= Beginning of Section =

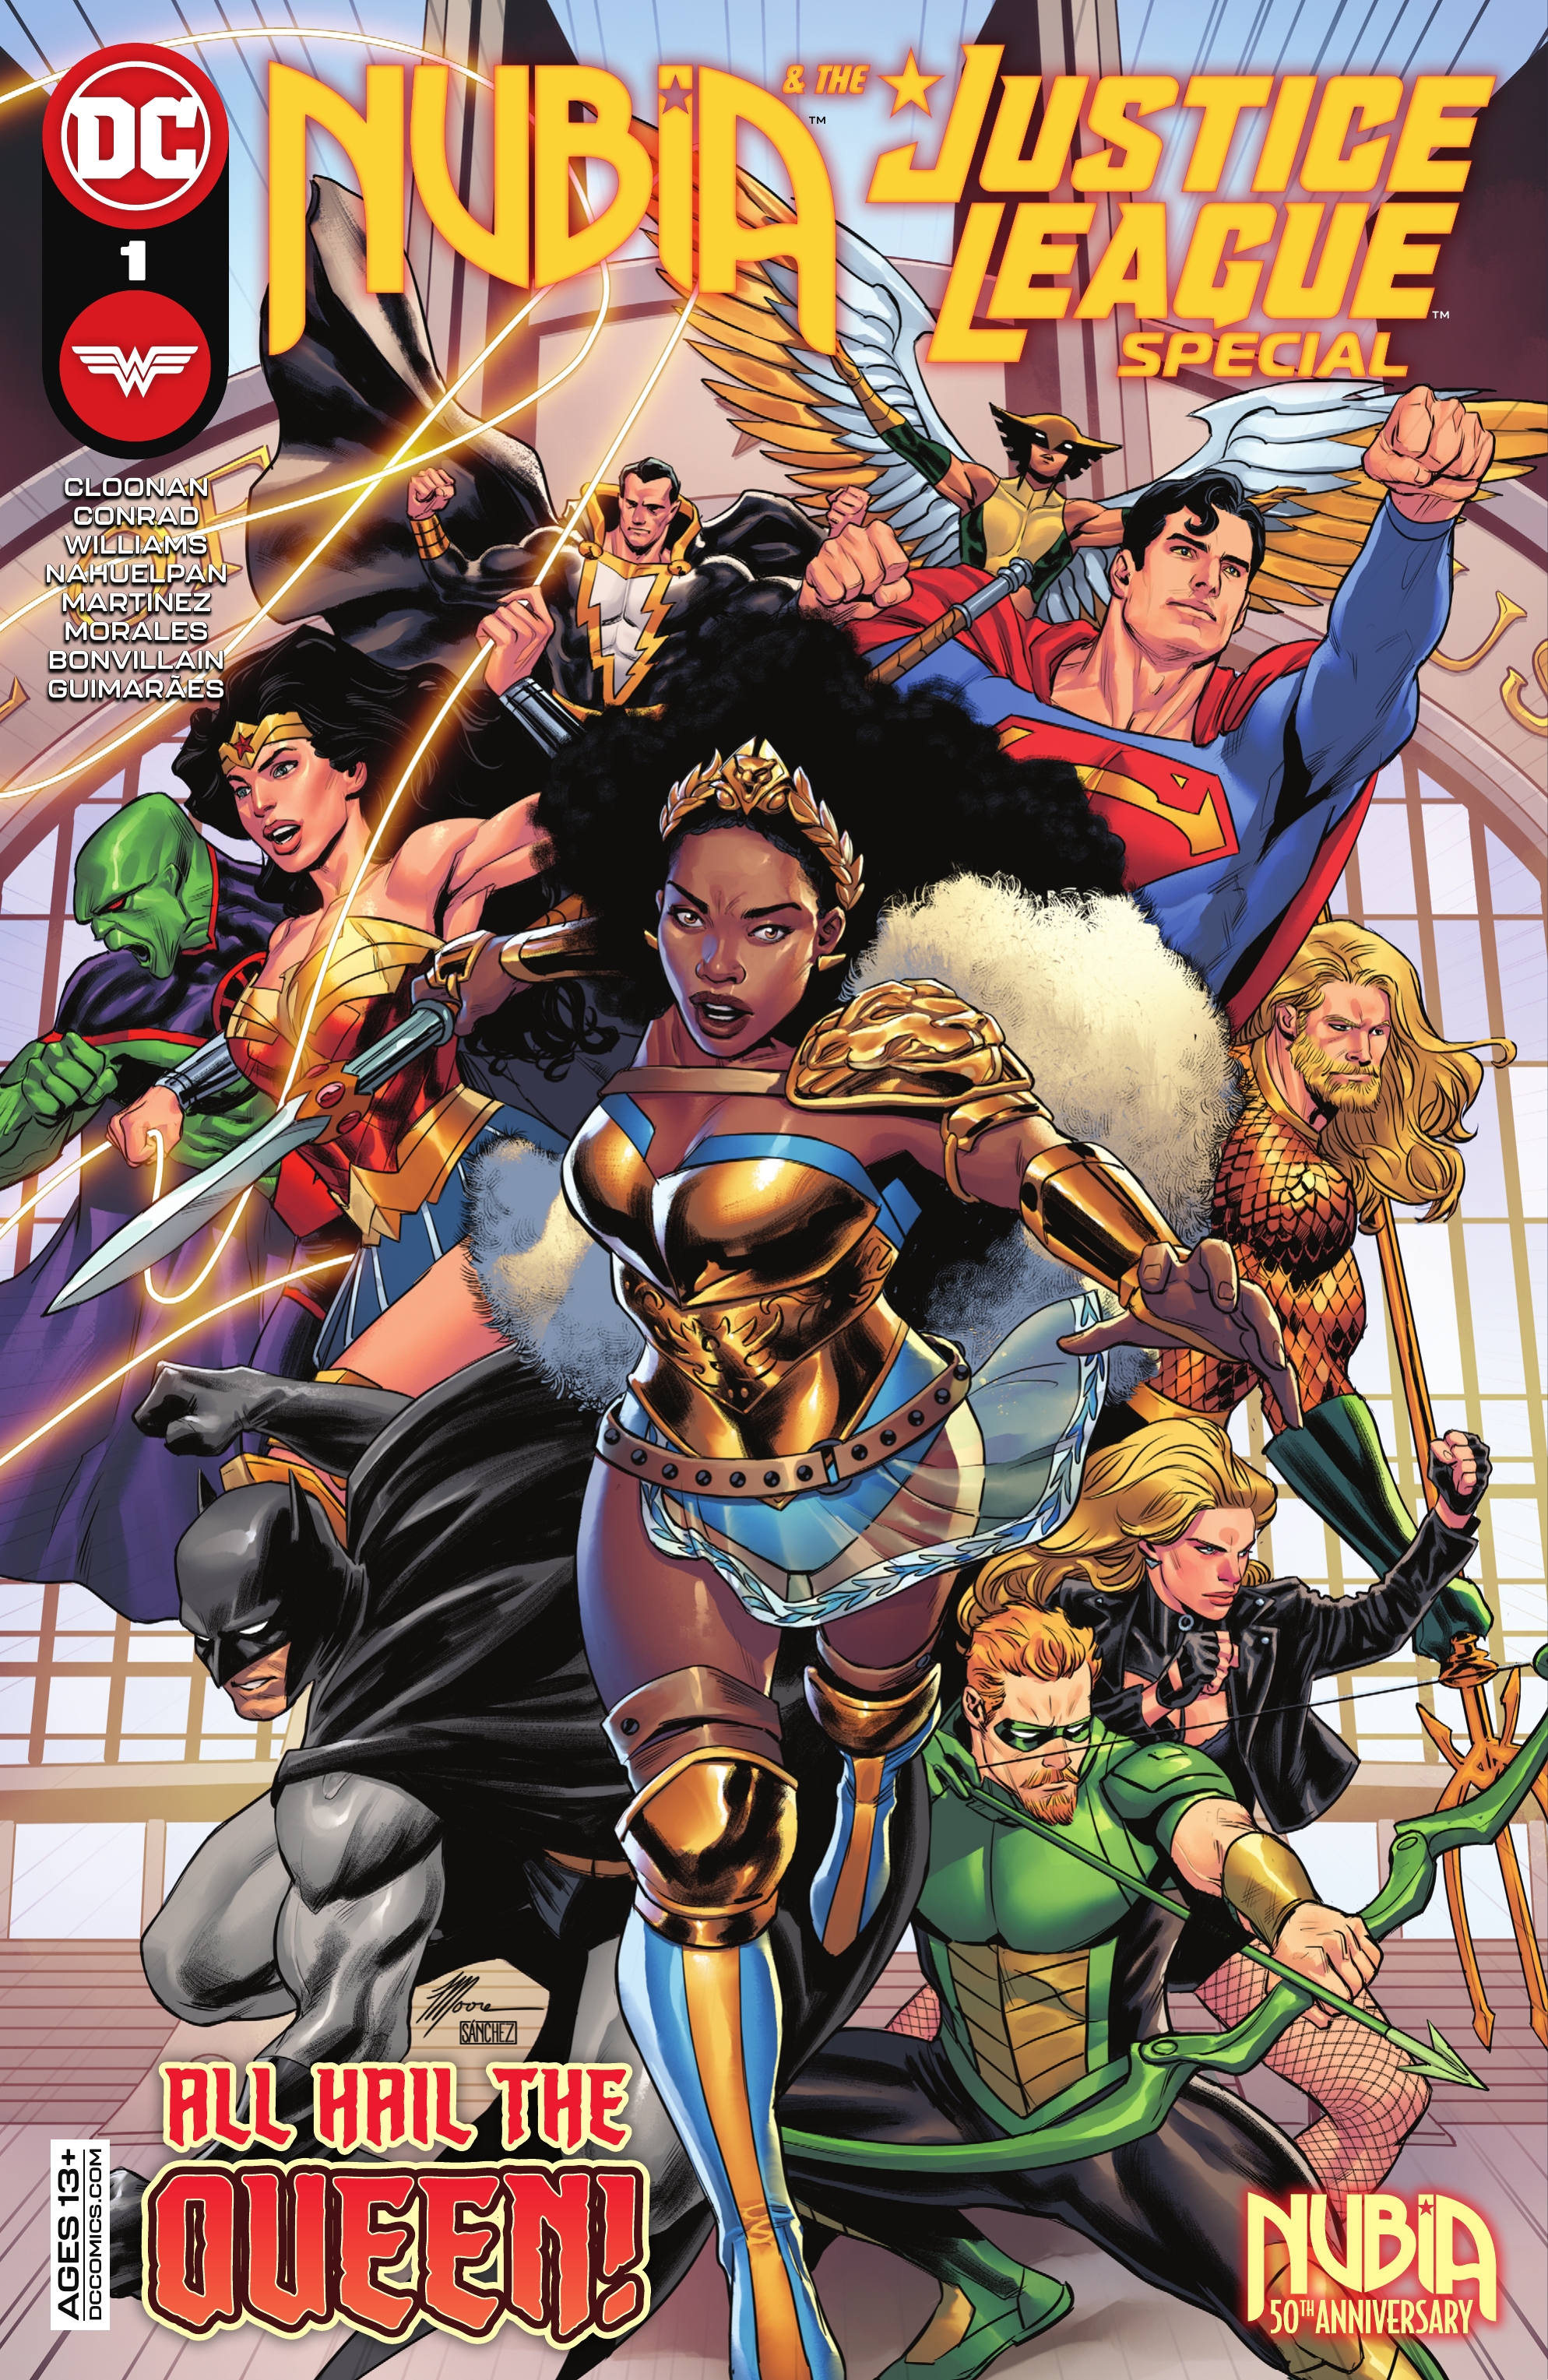 Read online Nubia and the Justice League Special comic -  Issue # Full - 1
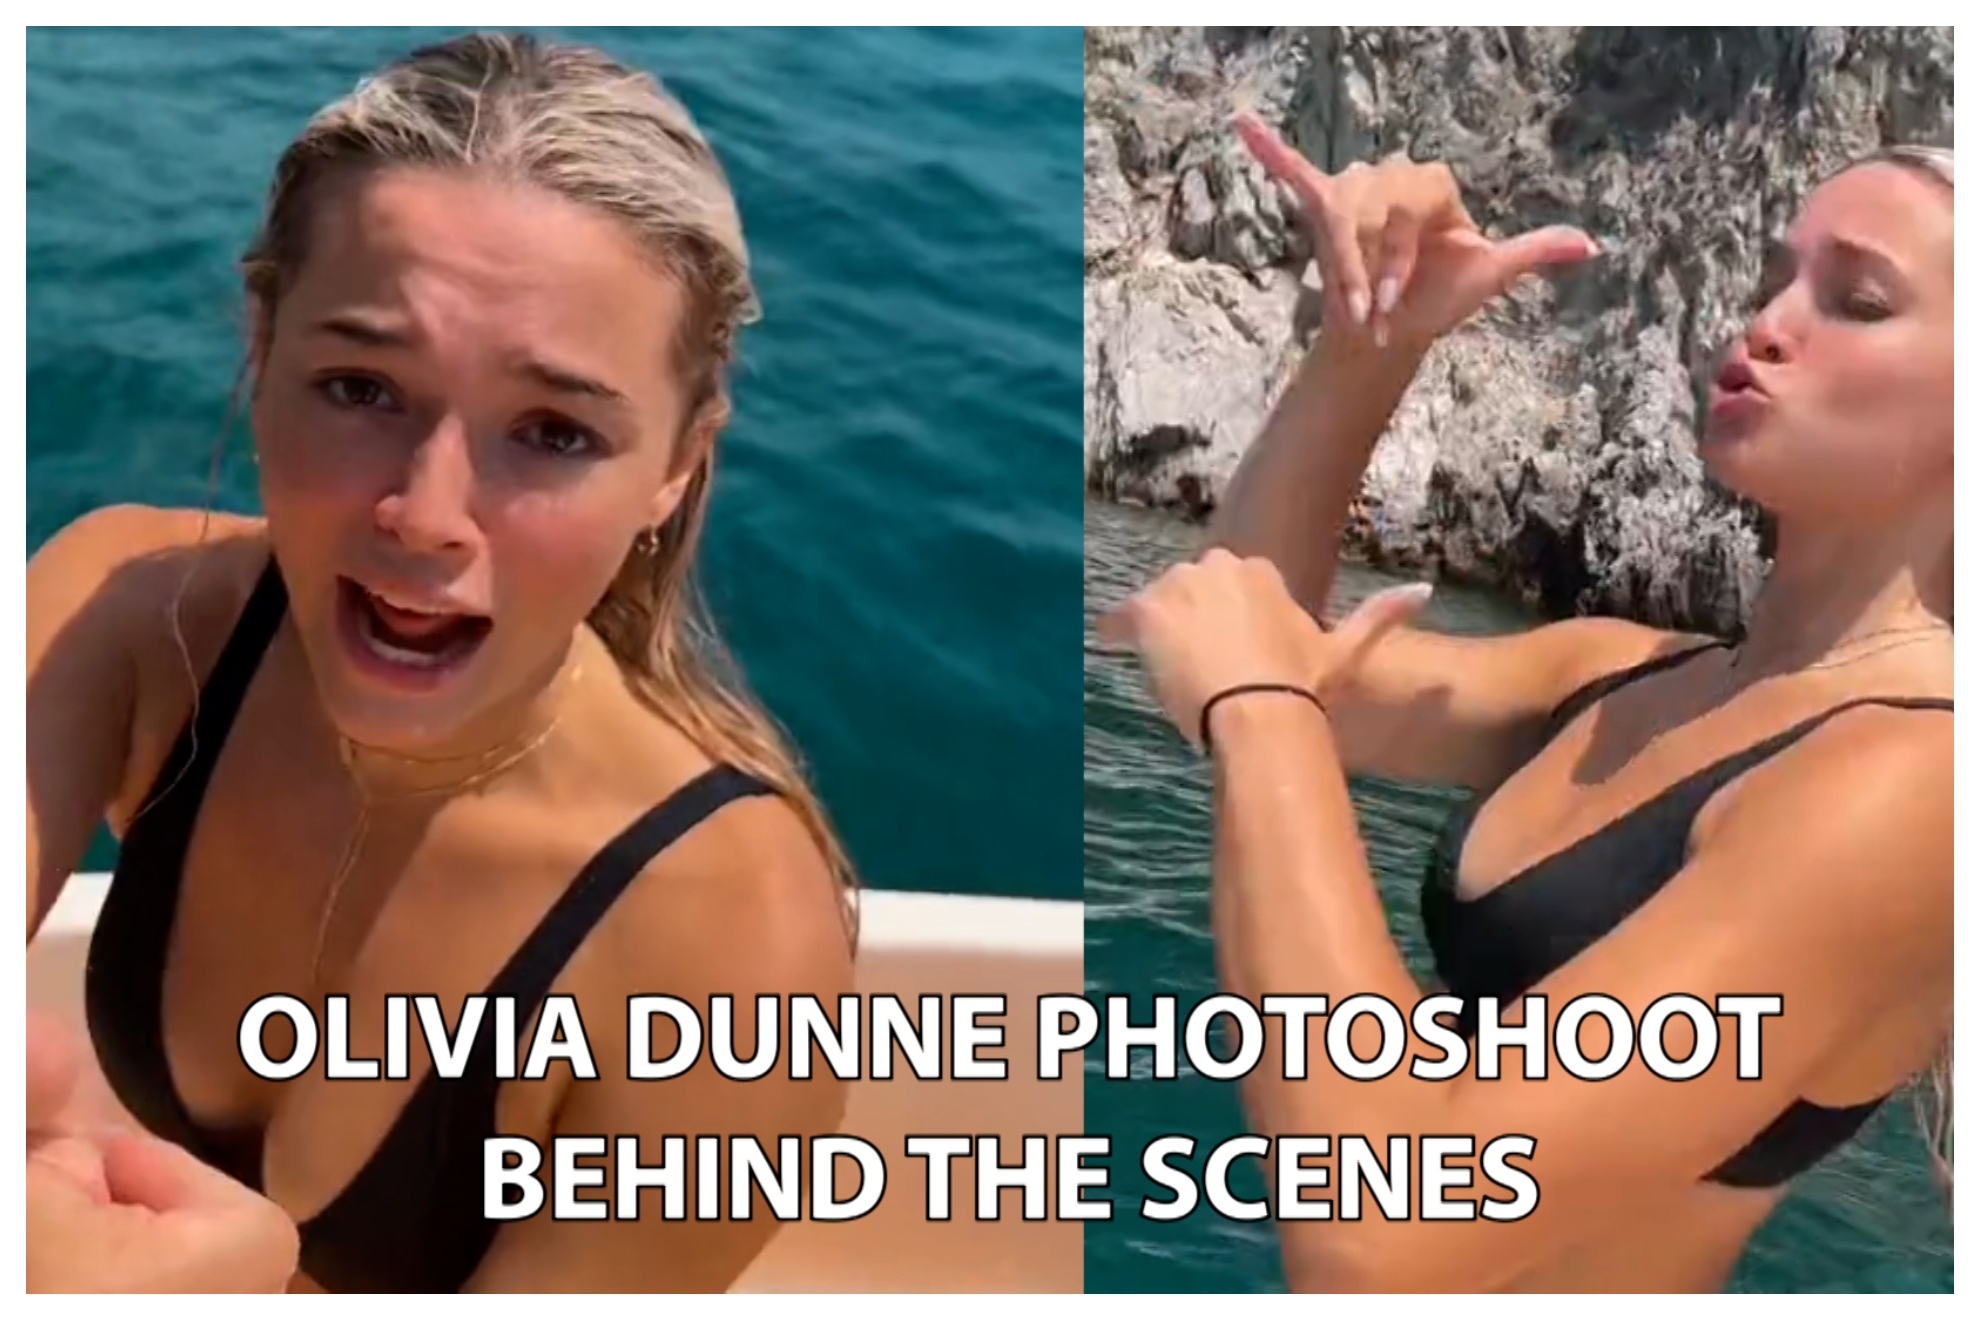 Olivia Dunne's 'forgotten' sister shares behind the scenes bikini videos from their trip in Italy
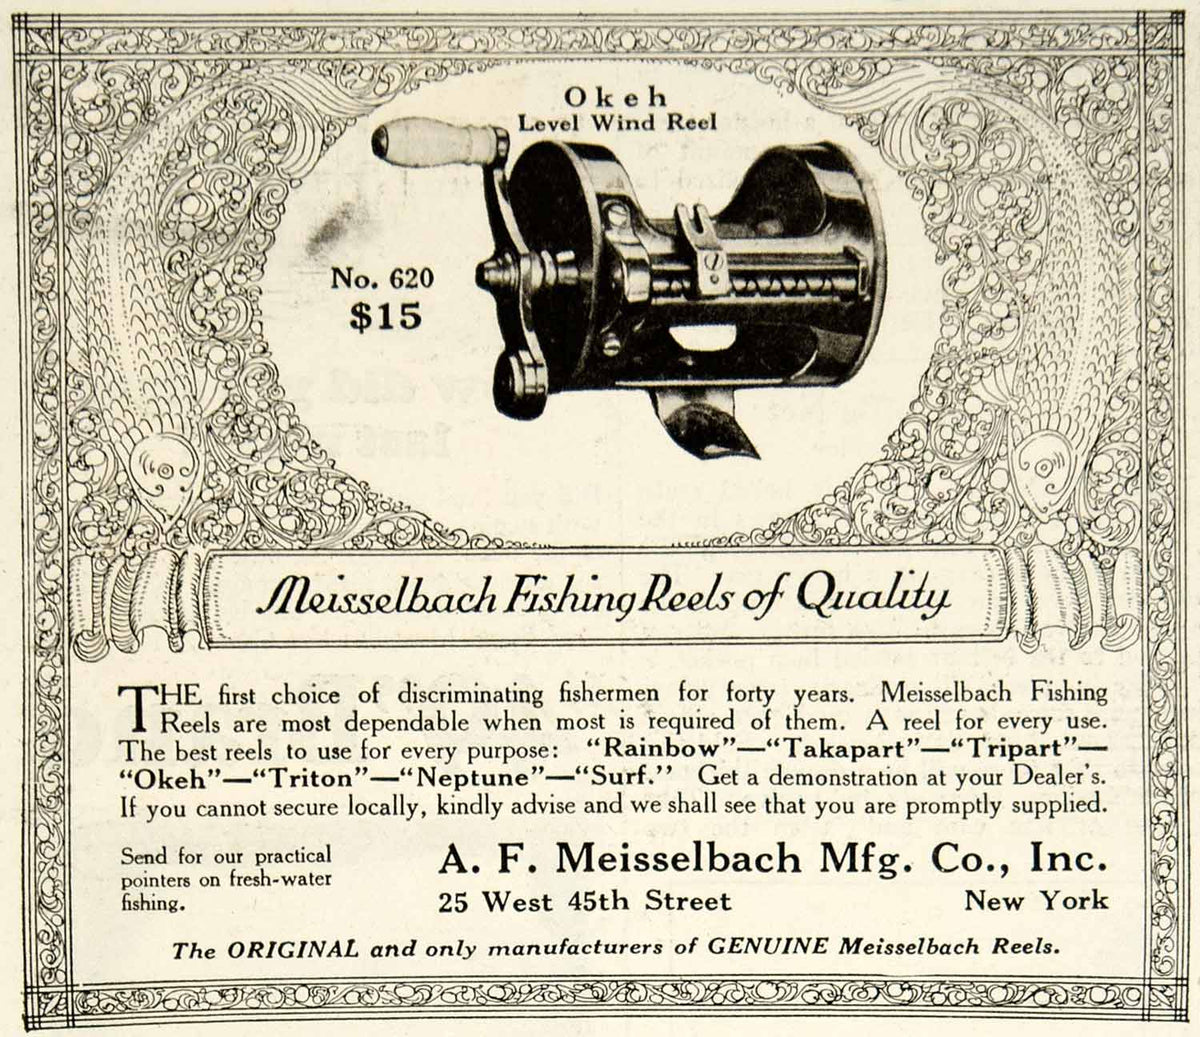 1925 Ad AF Meisselbach Fishing Reel 25 W 45th St NYC Bait Tackle Sport
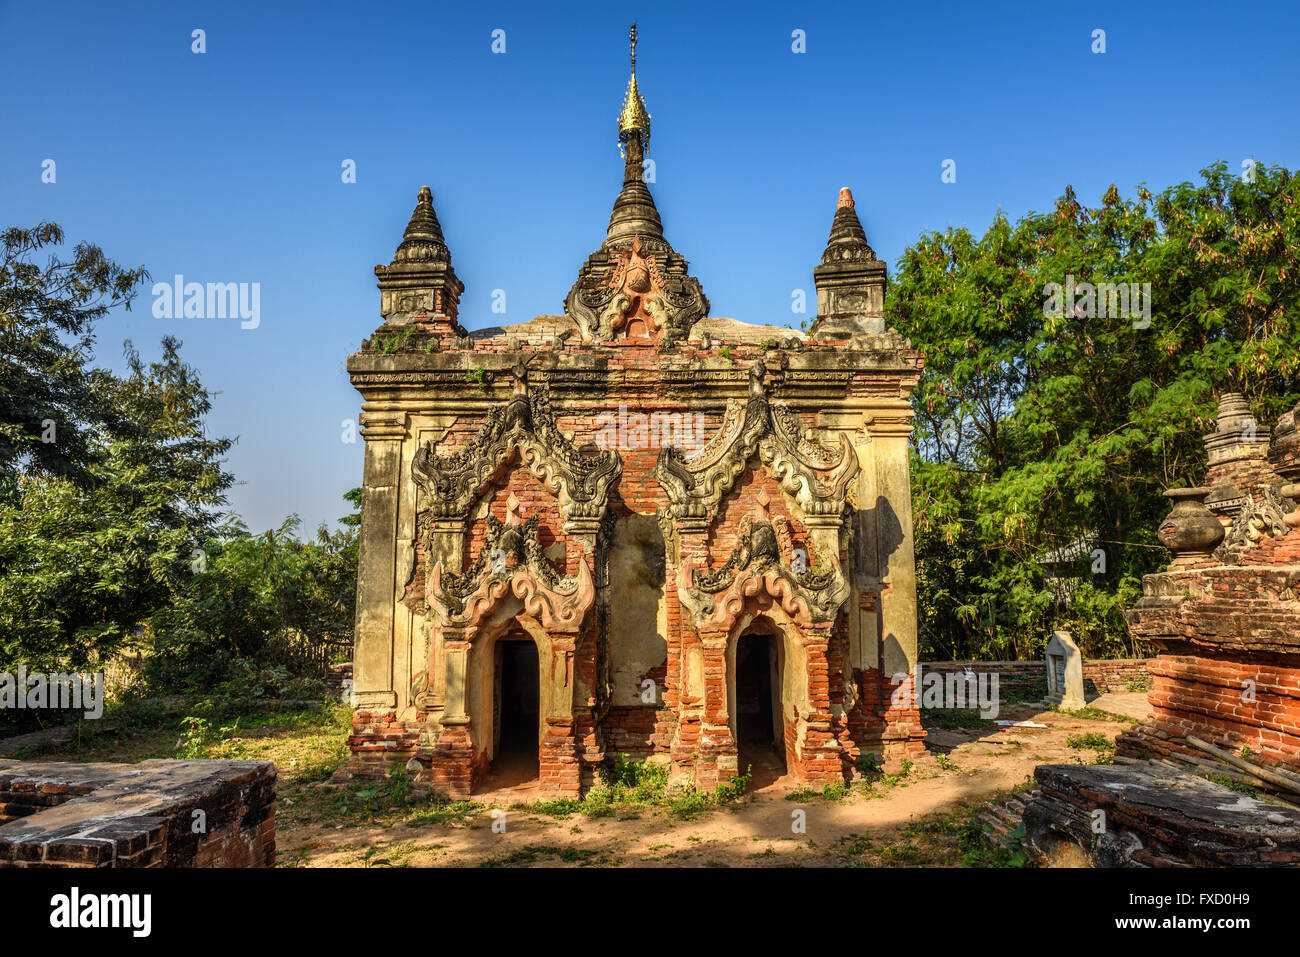 One of many ruined temples in the ancient city and former 14th to 19th century capital of Ava, also called Inwa. Stock Photo

= End of Section =

> _PROBLEM REQUIREMENTS_:
Only the lines from the first line of the listing above through the line with "1925 Ad AF Meisselbach" should be set down, exactly and without pictures.

> _EXERCISE OUTPUT_:
 Read online Nubia and the Justice League Special comic -  Issue # Full - 1
 Olivia Dunne's 'forgotten' sister shares behind the scenes bikini videos from their trip in Italy
 1925 Ad AF Meisselbach Fishing Reel 25 W 45th St NYC Bait Tackle Sport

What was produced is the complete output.